History takes time. To understand the historic decline of the Democratic Party I have found it useful to reach back to a book I wrote in 1984, “The Liberal Crack-Up.” It is a diagnosis of what was then the core philosophy of the Democratic Party, liberalism, and a prognosis of its future. Doctor Tyrrell was not optimistic, but history takes time.
Today the Democratic Party has lost both houses of Congress, the presidency, many state offices it had controlled for at least two generations. It is about to be outpaced throughout the federal judiciary. The liberal crack-up began with the defeat of that liberal fantastico, Jimmy Carter. It picked up steam during the 1990s, when the Democrats lost the House and the Senate and many state offices — and the media’s legend endures that President Bill Clinton is a political genius. His genius is in self-promotion. He is a cunning huckster.
But the liberal crack-up did not reach the point of no return until Nov. 2, 2004. Then on that glad and glorious morn, that reductio ad absurdum of a liberal presidential candidate, Jean-Francois Kerry, the Democratic elites, and all the liberals in the media beheld Victory. It was to be a return to their vicarious lives as Kennedys, Roosevelts, Progressives.
Alas, by Nov. 3 their delusions became very difficult to maintain. Sure there are many who still think they won. Doubtless Jean-Francois, his balmy wife, and many in his entourage still feel as morally and intellectually superior as they did in the expectant hours of Nov. 2. Yet clear-headed students of politics today recognize that the Democratic Party has suffered a catastrophic defeat.
Some, such as Mayor Richard Daley of Chicago and Sen. Evan Bayh of Indiana, politely suggest that their party is in need of a philosophy transplant, something less narcissistic, less out-of-this world, than the troubled philosophy that since the 1960s has been at its core, namely, liberalism.
Some will say liberalism was the very core of the Democrats’ beloved New Deal, but they err. The liberalism of the New Deal was leavened with urban machine politics, Southern conservatism, and that wild and woolly philosophical hybrid, Western populism.

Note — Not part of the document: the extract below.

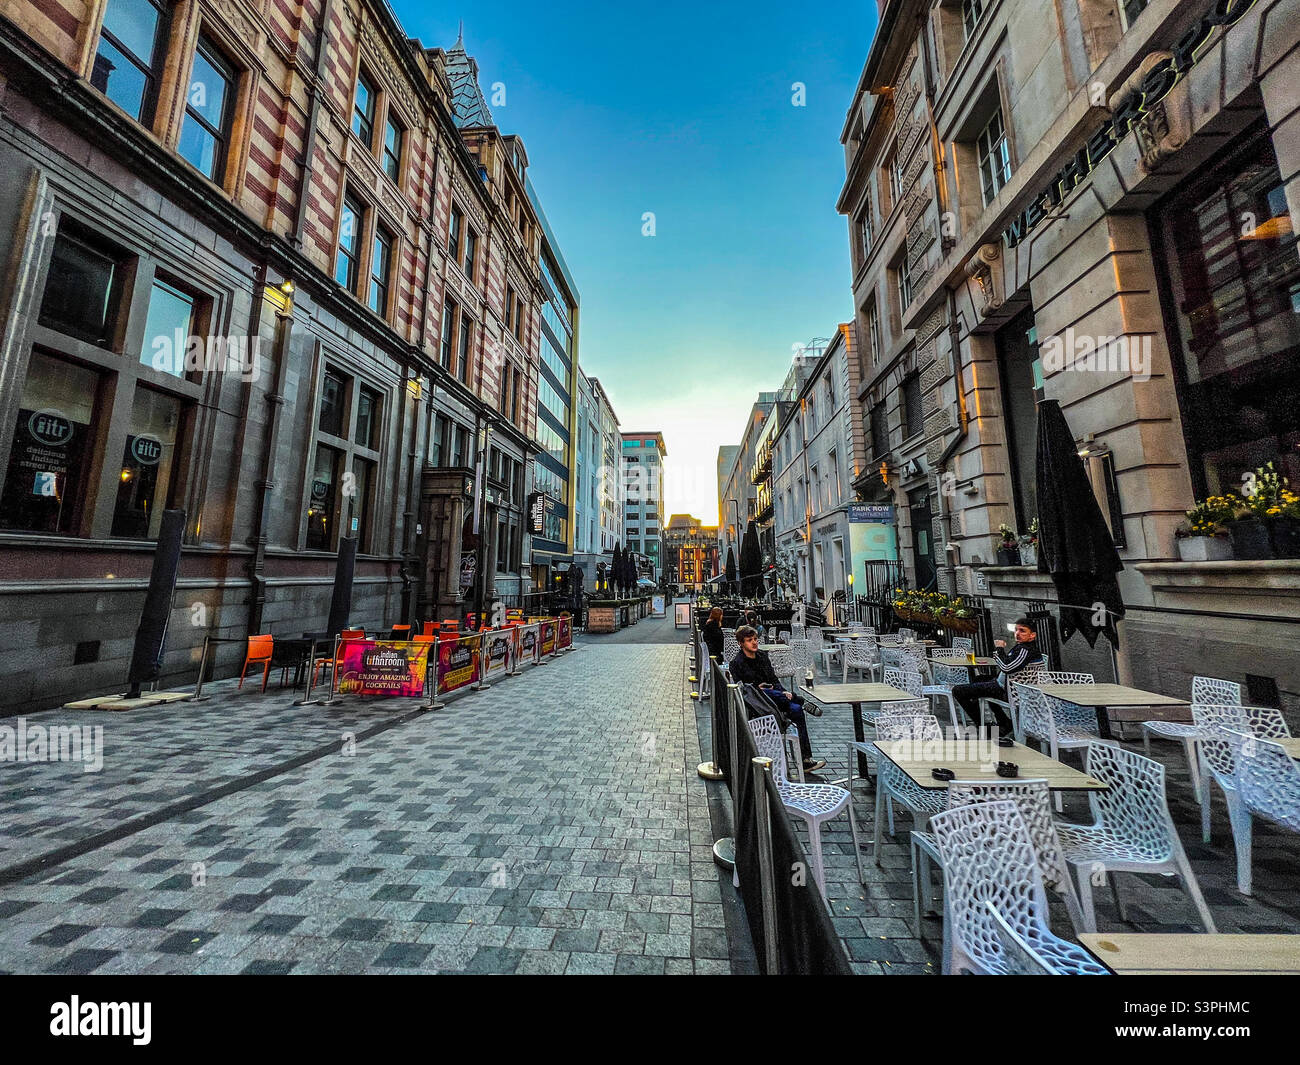 View of Greek Street drinking and bars in Leeds city centre Stock Photo

The liberalism that became rampant in the Democratic Party beginning in the late 1960s drove out all other intellectual impulses. Yes, a poseur such as Jimmy Carter might make a feint toward fiscal conservatism, but he could not resist his education lobby, his environmentalists or his “minority rights” careerists. And he was most in his element lecturing Americans on their “inordinate fear of communism” and their “malaise.” Today he is just another “blame-America-first” megalomaniac.

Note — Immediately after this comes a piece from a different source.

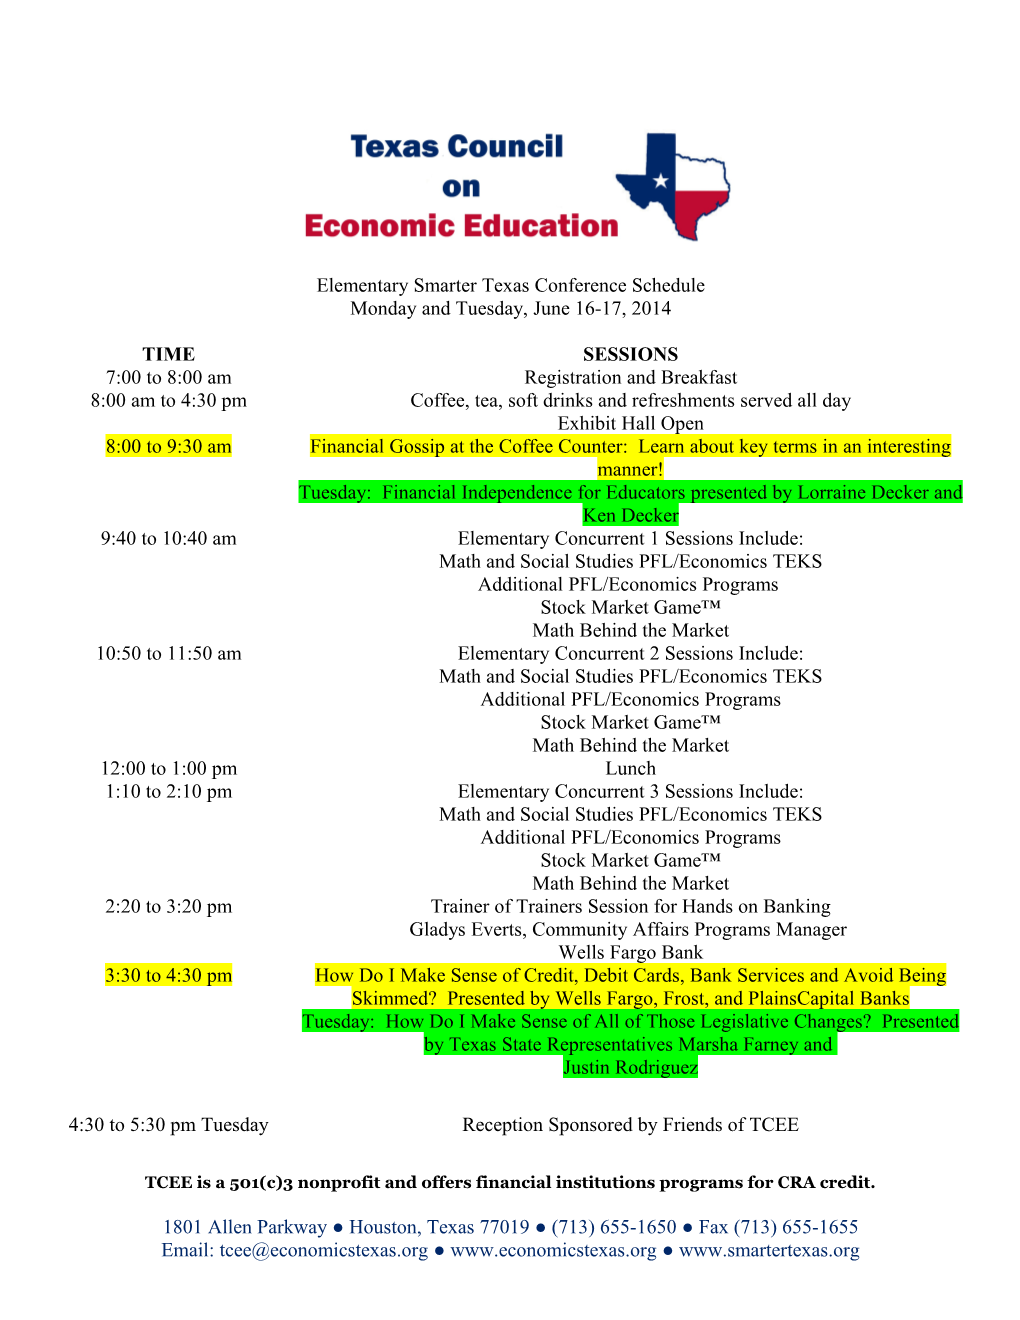 Elementary Smarter Texas Conference Schedule

Boy Clinton was not a lot different. His 1992 big spending plans (he called it “infrastructure”) and health-care colossus were kept in check by the country’s growing conservatism manifested most inescapably in the Republican ascendancy on Capitol Hill in 1994. His vaunted balanced budget was achieved at least partly by his stinginess with the military. His whole egotistic lifestyle was late-20th century liberalism replete with zoo sex in the office and hand-holding with visiting preachers and therapists.
Then came Al Gore and after that the football-throwing, snow-boarding, wind-surfing, bungee-jumping fantasist whose self-important huffiness over being called “French-looking” made teasing him such a delight.
At the heart of the liberal crack-up, which I first diagnosed in 1984, is the impulse to politicize everything from food to sex to happenstance — and to moralize. The liberal of the liberal crack-up is a free-floating moralizer. Such liberals are also dramatists of the most adolescent variety. No human experience is beyond their melodrama. There is no misfortune they will not exploit for votes. Their politics is built on a world of extremes. The conservatism of President George W. Bush, a conservatism that has been governing America for most of the last 24 years, remains to these liberals shocking, dangerous, or “extremist,” as they say.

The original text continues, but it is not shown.